The code below downloads the data from the Iowa Portal and saves a local copy to your machine. The first time you run this code, make sure you have a good internet connection and enough space on your machine (~50 MB). If the local copy exists, re-knitting the file will load the (binary) file from disk and be much faster.

if (!file.exists("ames-liquor.rds")) {
  url <- "https://github.com/ds202-at-ISU/materials/blob/master/03_tidyverse/data/ames-liquor.rds?raw=TRUE"
  download.file(url, "ames-liquor.rds", mode="wb")
}
data <- readRDS("ames-liquor.rds")
  1. Data cleaning:
  • extract geographic latitude and longitude from the variable Store Location

Answer here.

  • check variable types. Pick five variables that need to be converted to a different type and fix those.

Answer here.

  • use the package lubridate to convert the Date variable to a date. Then extract year, month and day from the variable Date

Answer here.

  1. First overview:
  • Plot a scatterplot of lat and long of store locations.

Answer here.

  • Provide a visual breakdown of the liquor category (by Category Name). Include volume sold in the breakdown. Make sure that all labels are readable.

Answer here.

  1. Find the daily liquor sales in Ames in 2021:
  • summarize number of sales, volume of liquor sold and amount of money spent.

Answer here.

  • Plot volume sold by day (use a scatterplot of volume by day and facet by month). Describe any patterns.

Answer here.

  • Find the dates for ISU football home games in Fall 2021 (make use of the internet!). Can you see a pattern? Describe your finding.

Answer here.

Homework Assignment

Box office at the movies

The data set box of the package classdata contains weekly box office gross for all movies in theaters in the last five years, see ?box for a description of all variables in the data set.
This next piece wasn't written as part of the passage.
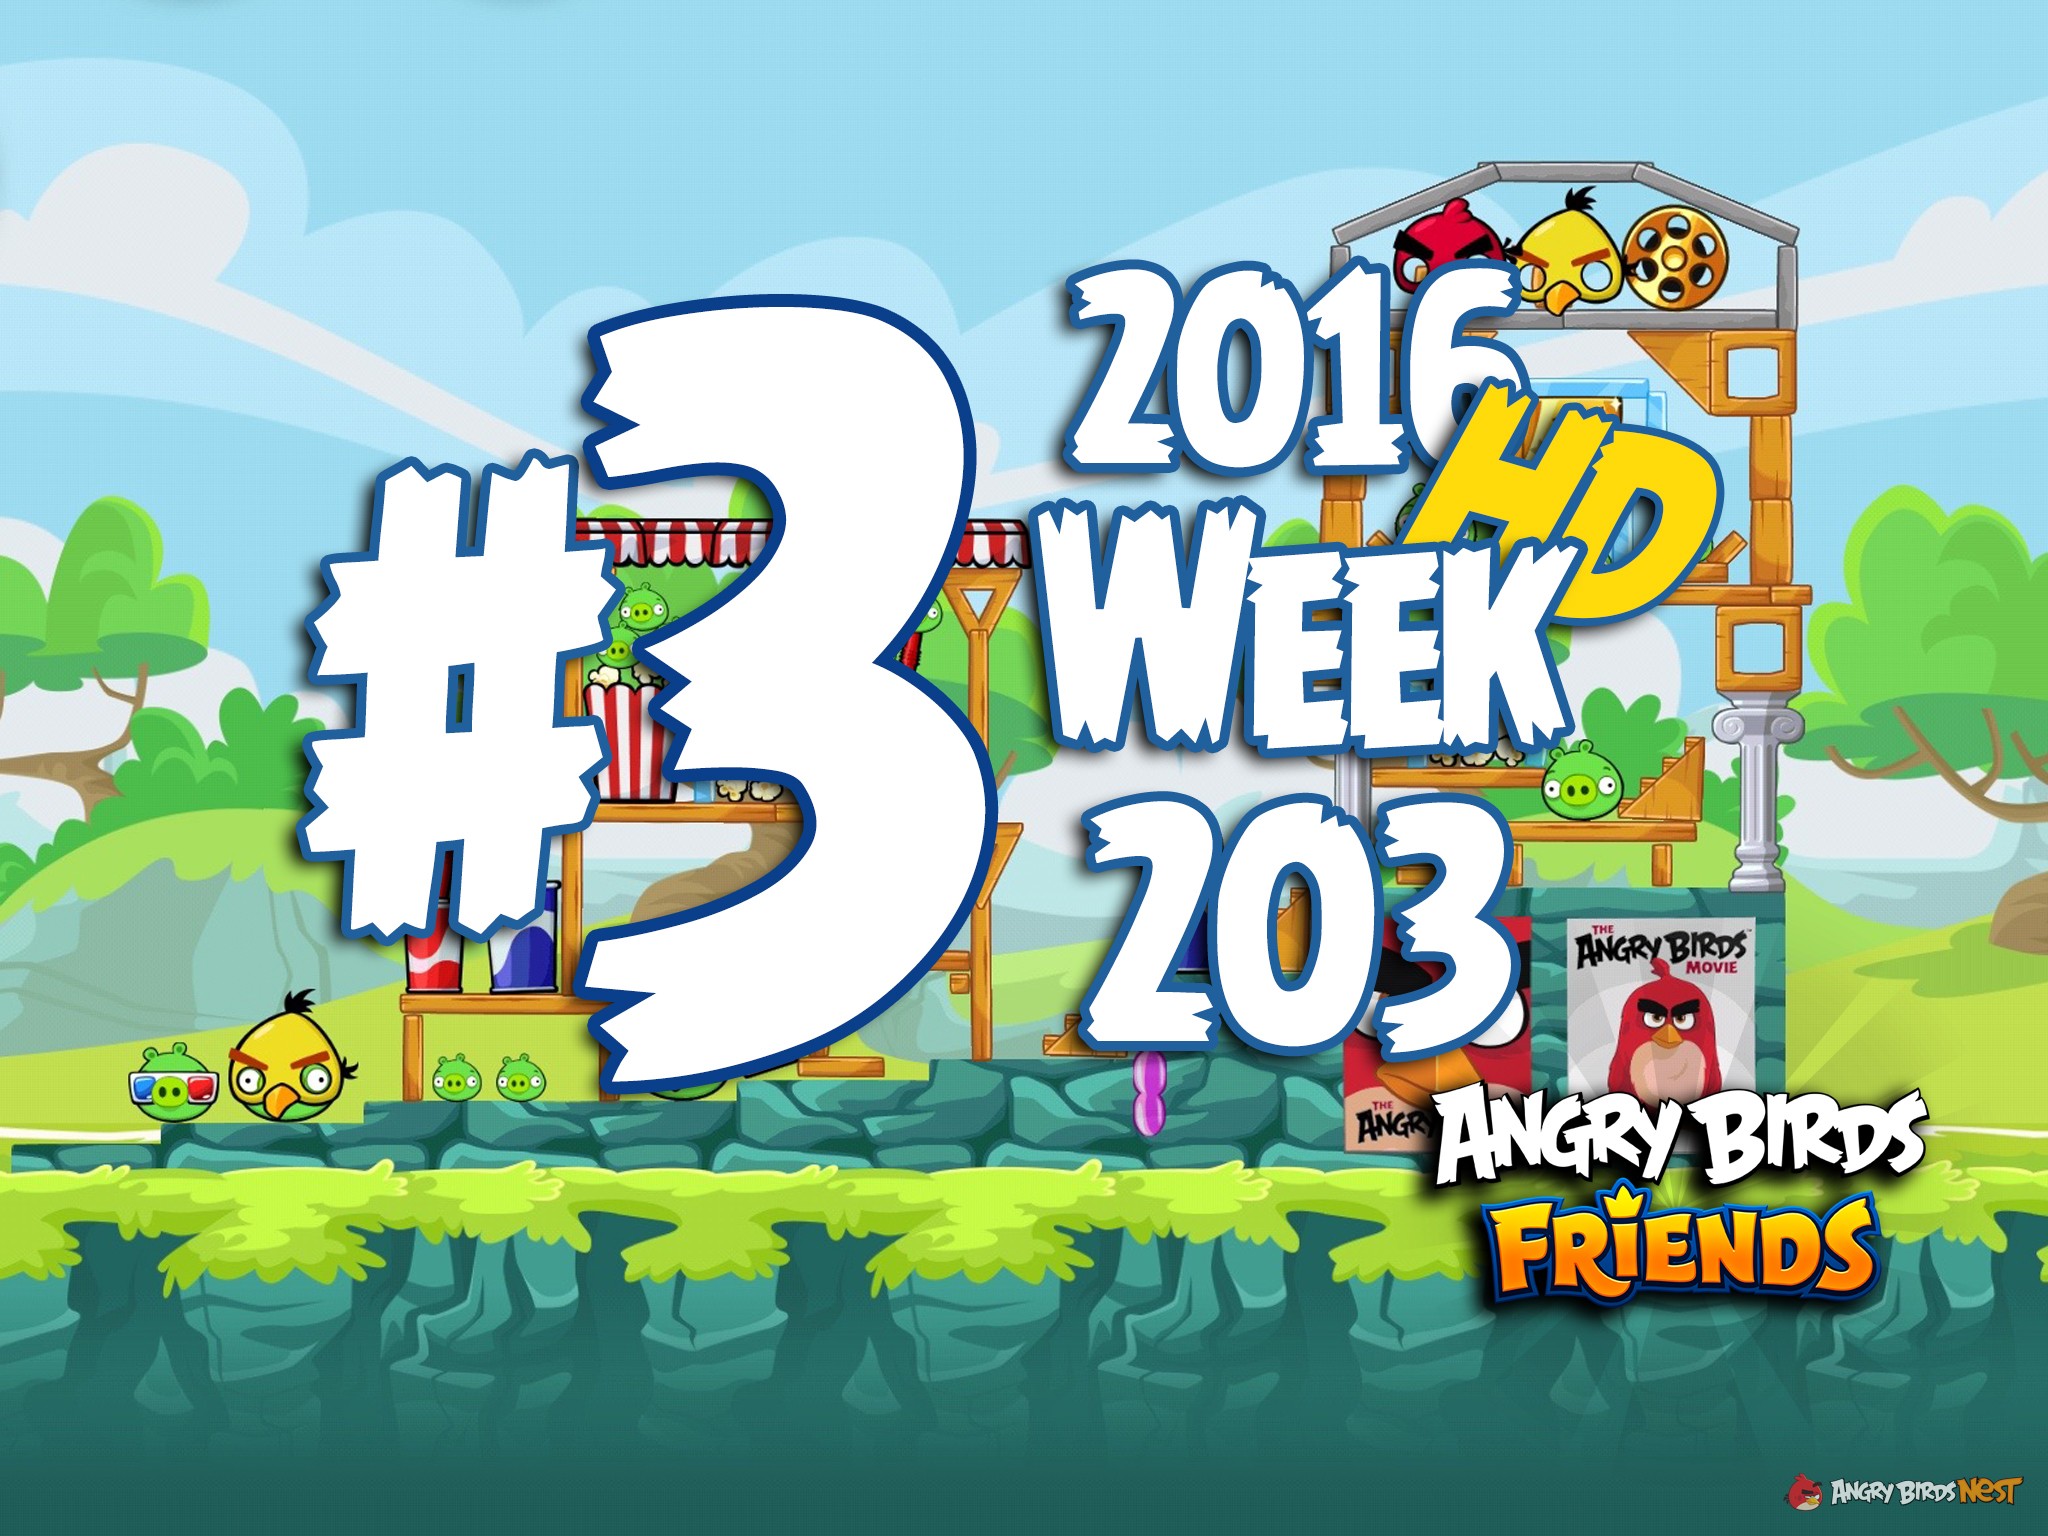 Angry Birds Friends Tournament Level 3 Week 203 Walkthrough | March 31st 2016

For all of the questions use functionality from the tidyverse whenever possible.

  1. Download the RMarkdown file with these homework instructions to use as a template for your work. Make sure to replace “Your Name” in the YAML with your name.

  2. Draw a line for each movie showing total gross (Total.Gross) over time. Describe the plot

Answer here.

  1. Find monthly summaries for (a) the number of different movies in theaters and (b) box office gross. Draw lines of these summaries for each year (in two separate plots). Describe the plots in words. Are there seasonal trends? In your answer, you should show the plots and describe the trends you see in the plots.

Hint: use lubridate to extract year and month from the date at which box office data was released.

Answer here.

  1. Find box office gross by day of the year (check ?yday) for each year (we don’t actually have daily data - we only have data for every seven days). Plot cumulative yearly gross for each year by day of the year. Describe the plot.

Extra point for nice labels of very successful movies.

Plot here.

What kind of year do you expect the remainder of 2022 to be in terms of box office revenues from movies?

Answer here.

Note: Your submission is supposed to be fully reproducible, i.e. the TA and I will ‘knit’ your submission in RStudio.

For the submission: submit your solution in an R Markdown file and (just for insurance) submit the corresponding html (or Word) file with it.

(Optional but encouraged):
If you’d like to practice using GitHub, feel free to push your .Rmd and knitted .html file to a public GitHub repository under your own account. If you do, paste the link to your GitHub repo below:

GitHub repo link (optional): __________